▶ _The problem_
Set the data down again, exactly as it reads, but without the pictures.

▶ _Supplied information_

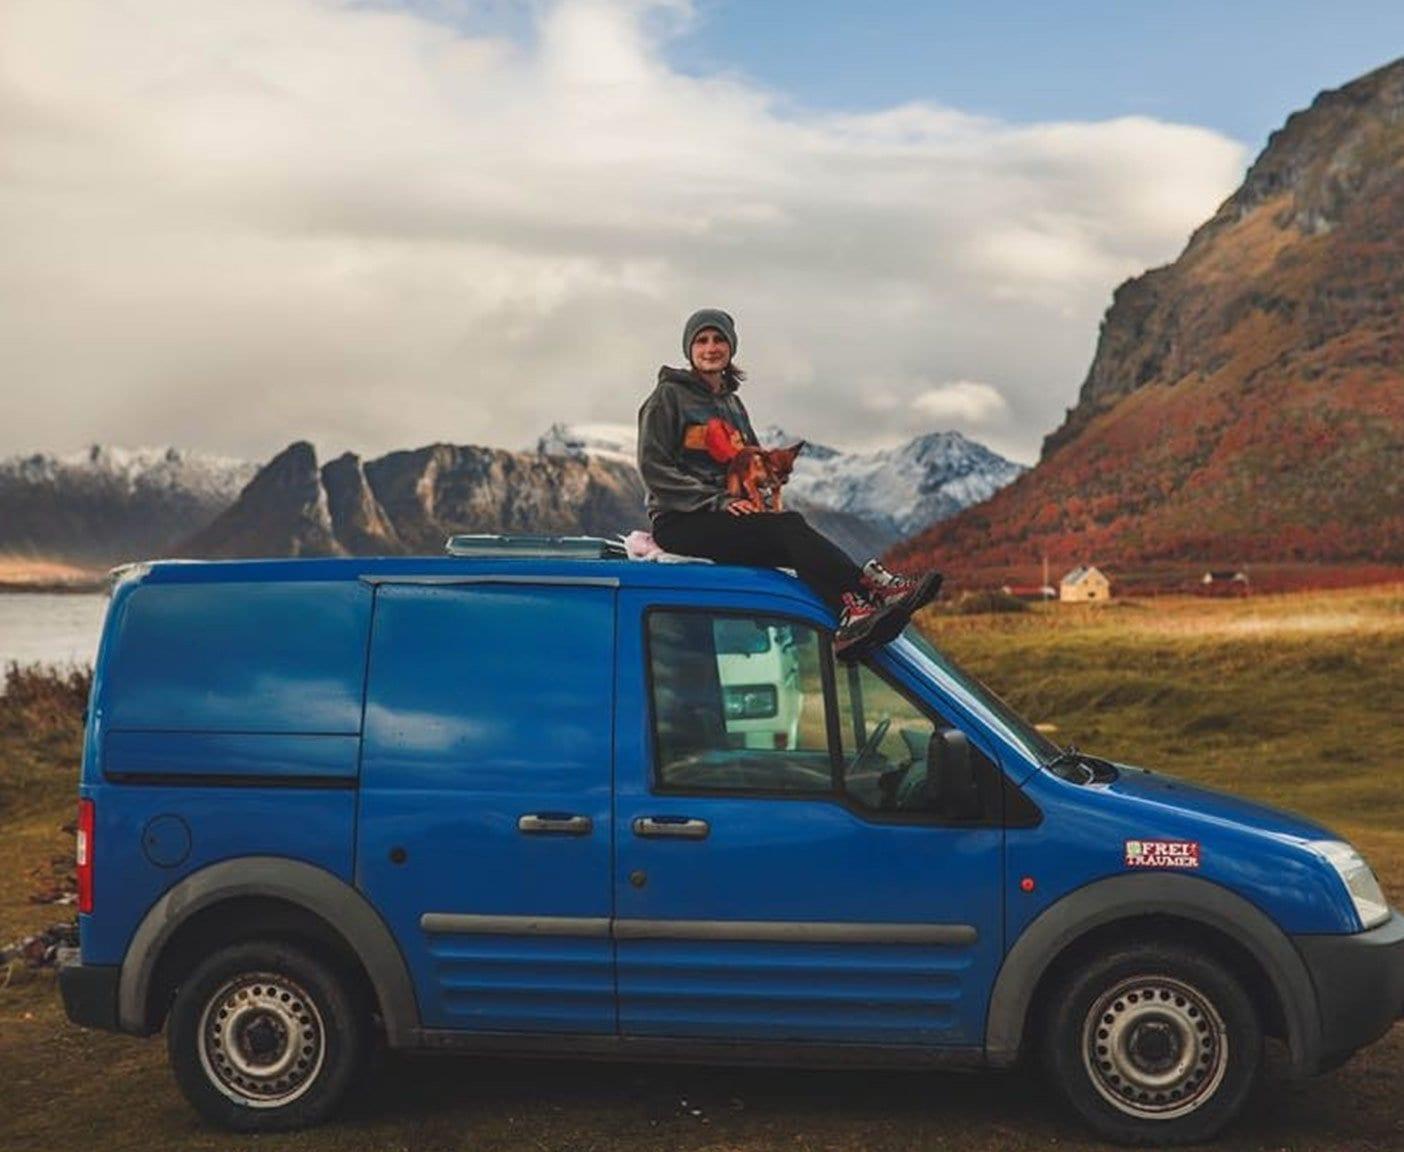 Ford-transit-connect-ladeflÑche-camper-l2-norwegen-frau-alleine-mikro-camper
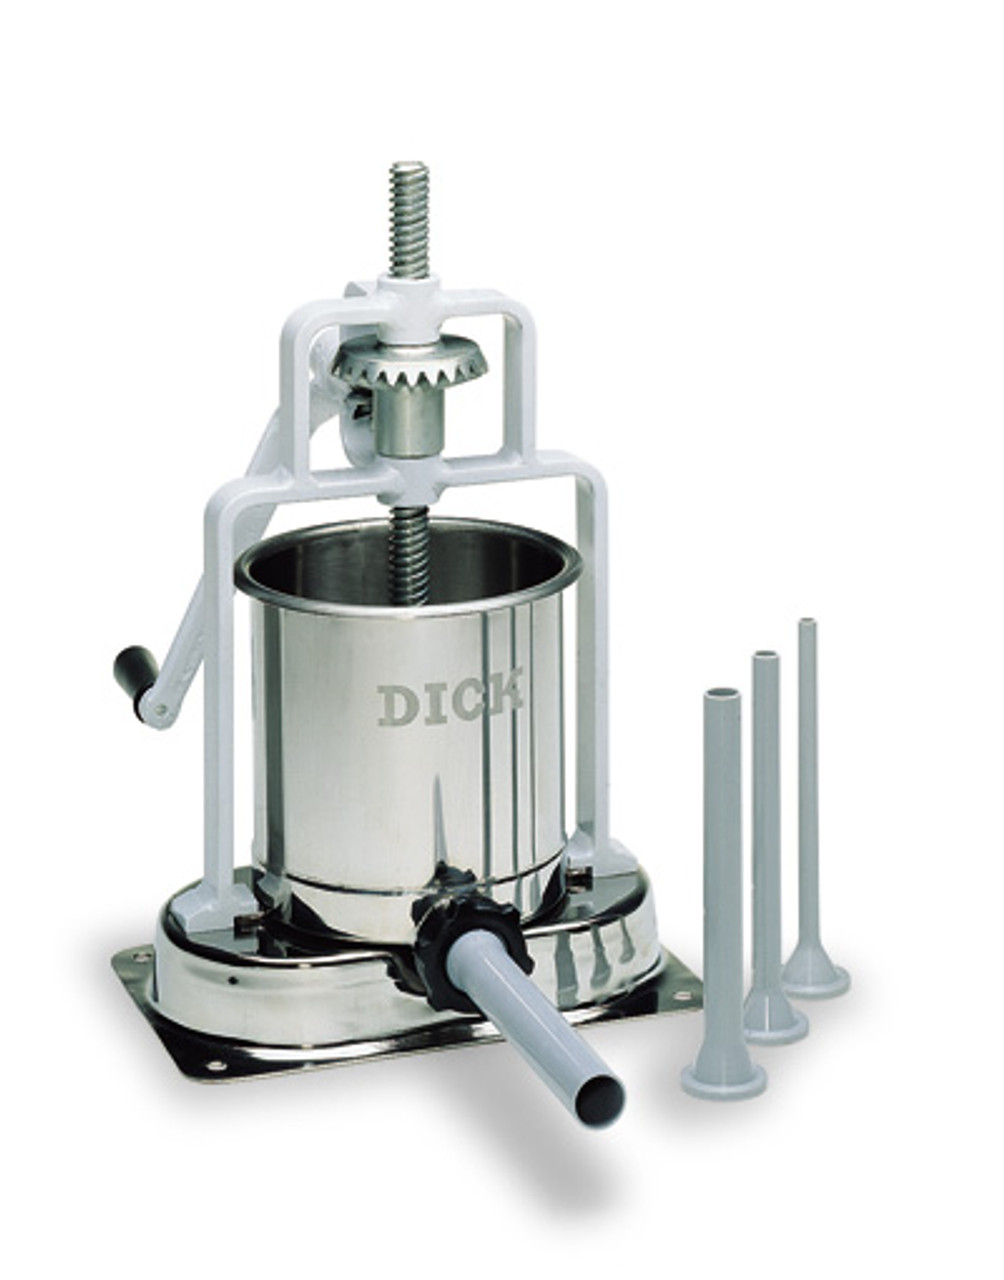 F Dick 9060600-6 ltr/12 lb Capacity Sausage Stuffer / Filler
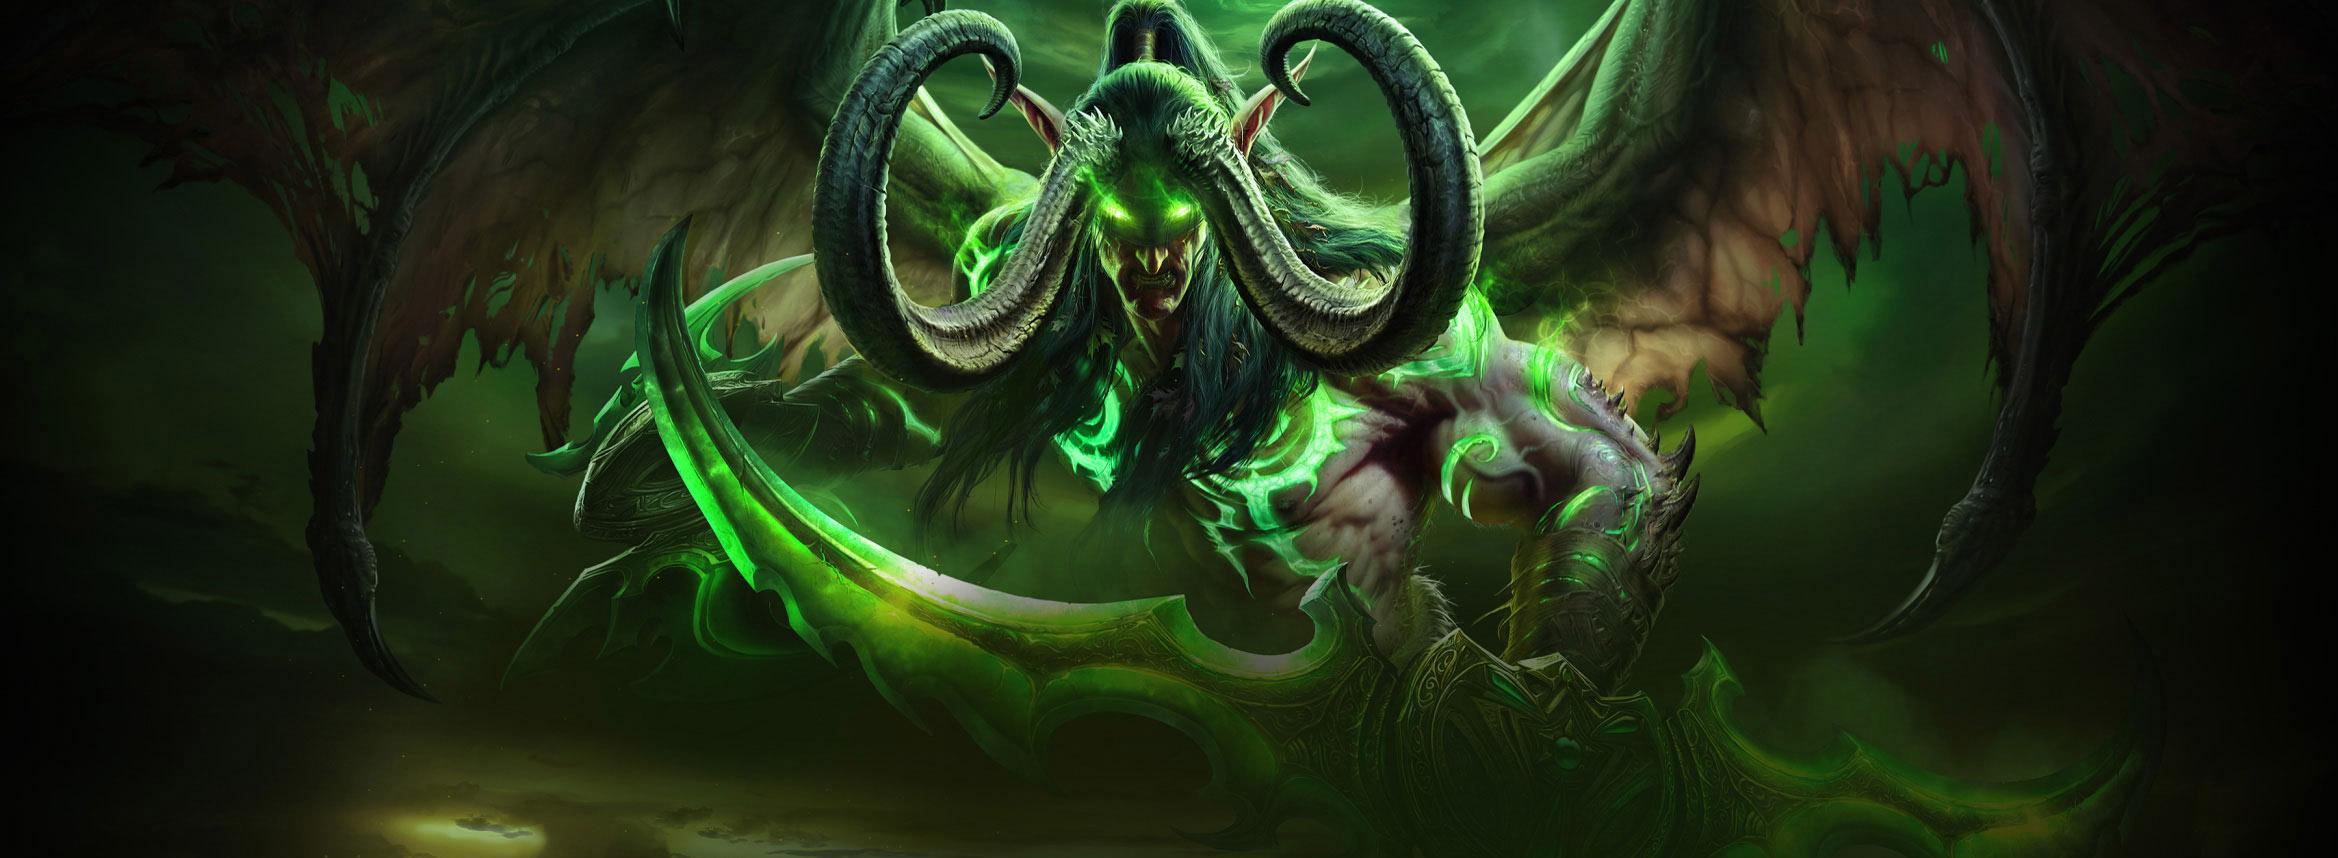 World Of Warcraft Legion Wrap Up Ckalebdotcom
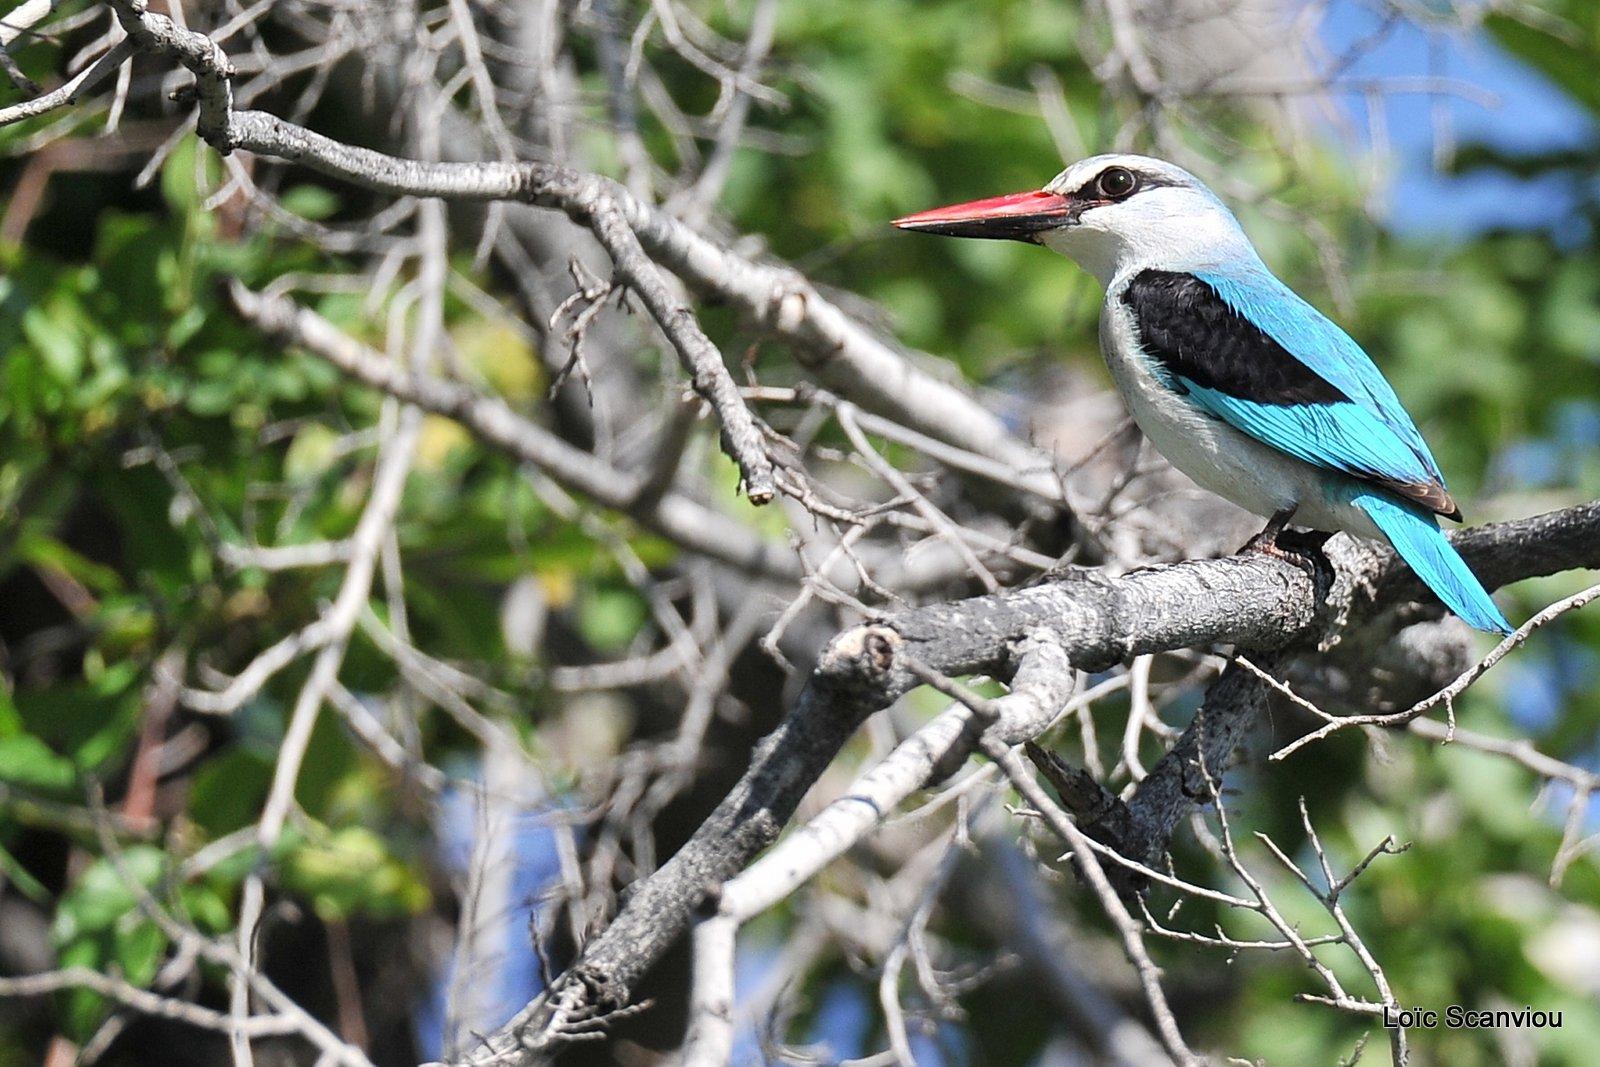 Martin-chasseur du Sénégal/Woodland Kingfisher (2)

▶ _Completed exercise_
 Ford-transit-connect-ladeflÑche-camper-l2-norwegen-frau-alleine-mikro-camper
 F Dick 9060600-6 ltr/12 lb Capacity Sausage Stuffer / Filler
 World Of Warcraft Legion Wrap Up Ckalebdotcom
 Martin-chasseur du Sénégal/Woodland Kingfisher (2)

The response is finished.